With 35 years of institutional investing and money management experience in the United States and Canada, Donald Coxe has a unique background in North American and global capital markets. www.donaldcoxe.com

Due to illness, Mr. Coxe could not give this keynote address at the PDAC convention. PDAC and Mr. Coxe have graciously allowed Republic of Mining.com to post the speech. www.pdac.ca

“WHEN YOU COME TO A FORK IN THE ROAD—TAKE IT”
Don Coxe,
Chairman, Coxe Advisors LLC.

Hello Toronto—I truly wish I were with you. This is a desire that goes back a long way.

Nearly 6 decades ago, when I started reading The Northern Miner, I concluded that the Prospectors and Developers Association convention must be the neatest convention in the world, and the biggest thrill would be to be giving the keynote address to that convention. I could never aspire, then, to that happening.
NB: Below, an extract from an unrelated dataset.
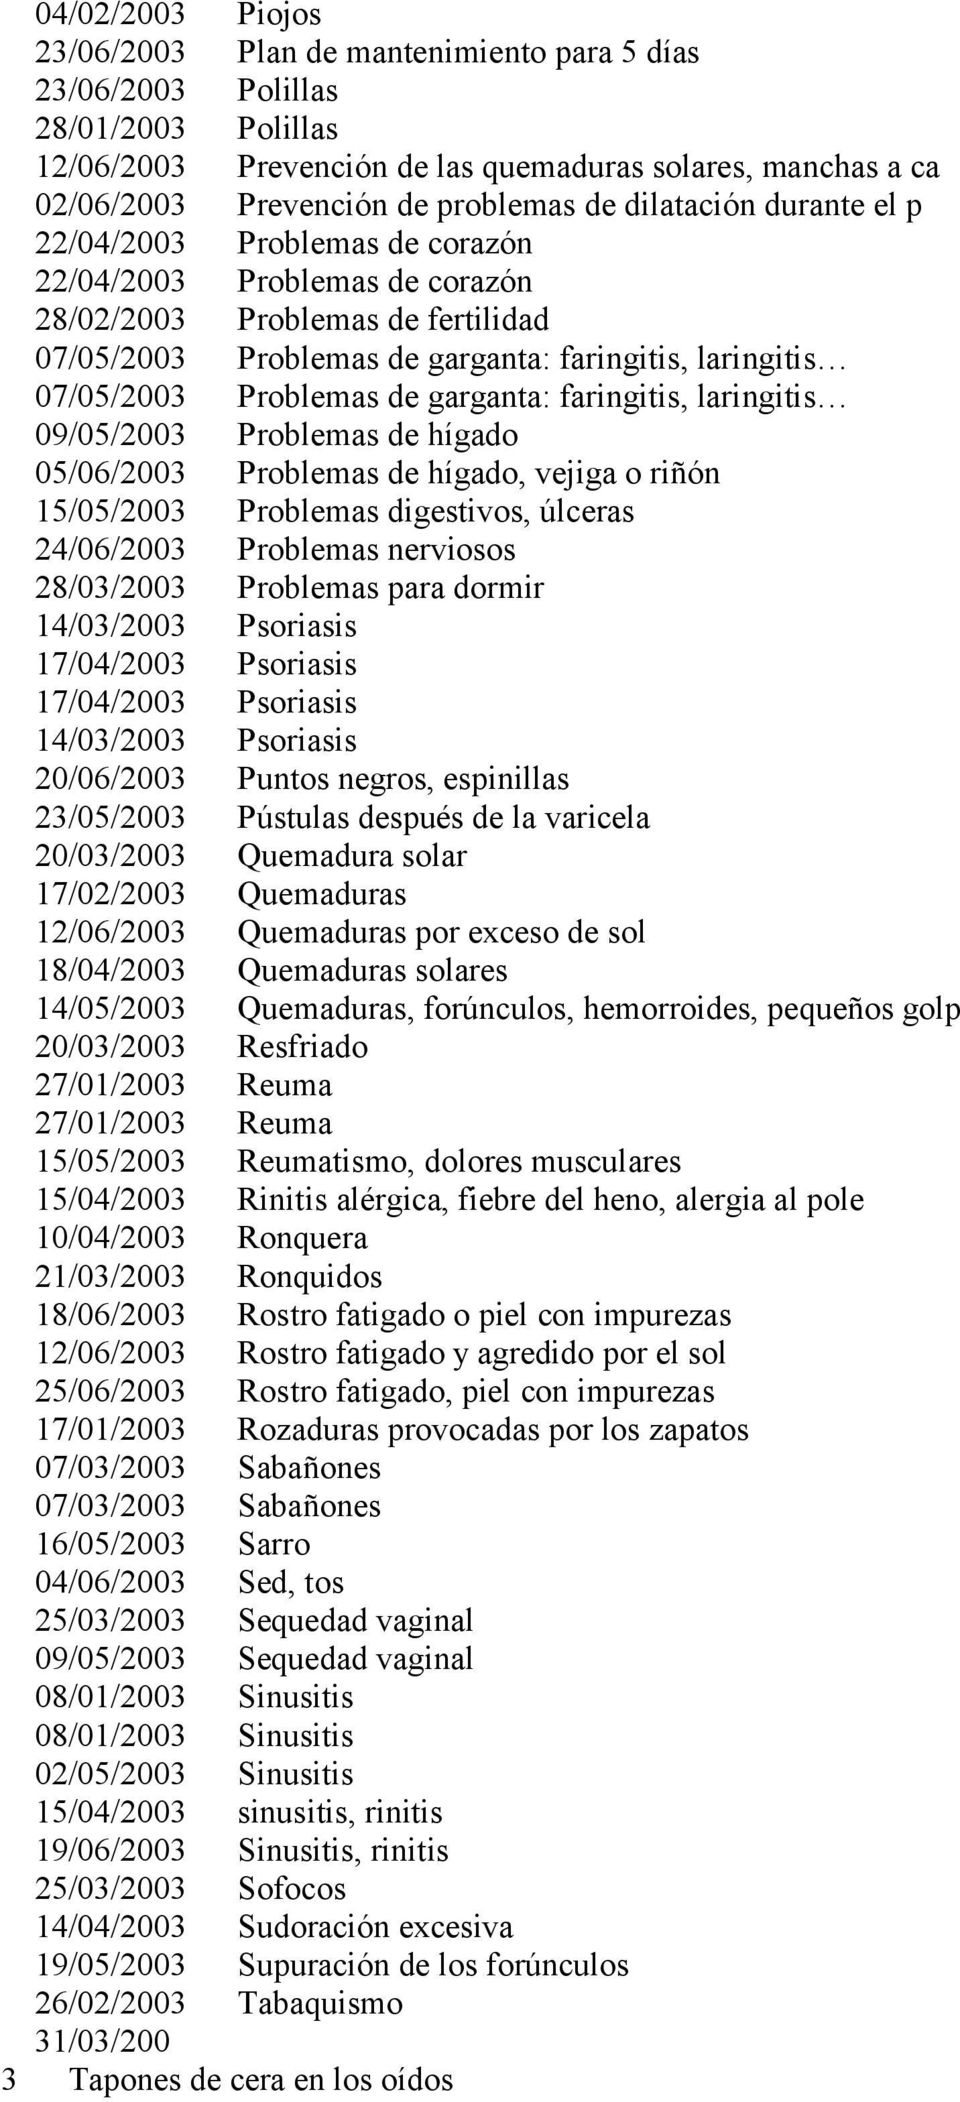 Problemas de garganta: faringitis, laringitis 09/05/2003 Problemas de hígado 05/06/2003 Problemas de hígado, vejiga o riñón 15/05/2003 Problemas digestivos, úlceras 24/06/2003 Problemas nerviosos

I had to live a long time, and then I proceeded to get sick.

In that sense, it’s an abbreviation of what has happened to us all, which is that, as of a year ago, it seemed that we’d got what we wanted. It was all coming true—and all of a sudden, a financial collapse hit Wall Street. As you know, for the last 6 years, I’ve been telling people that “We are living through the greatest simultaneous efflorescence of personal economic liberty in human history.”

By that, I mean people who for the first time, (after having led lives of privation and poverty) are moving into dwellings with indoor plumbing, electricity, basic appliances, and acquiring access to private motorized transportation. The people who have those things have more personal economic freedom than 99% of the people whom have ever lived.

What’s happened in this decade is simply that a whole section of the world began to catch up to where we in the industrial world had long been, thereby transforming the outlook for the mining industry.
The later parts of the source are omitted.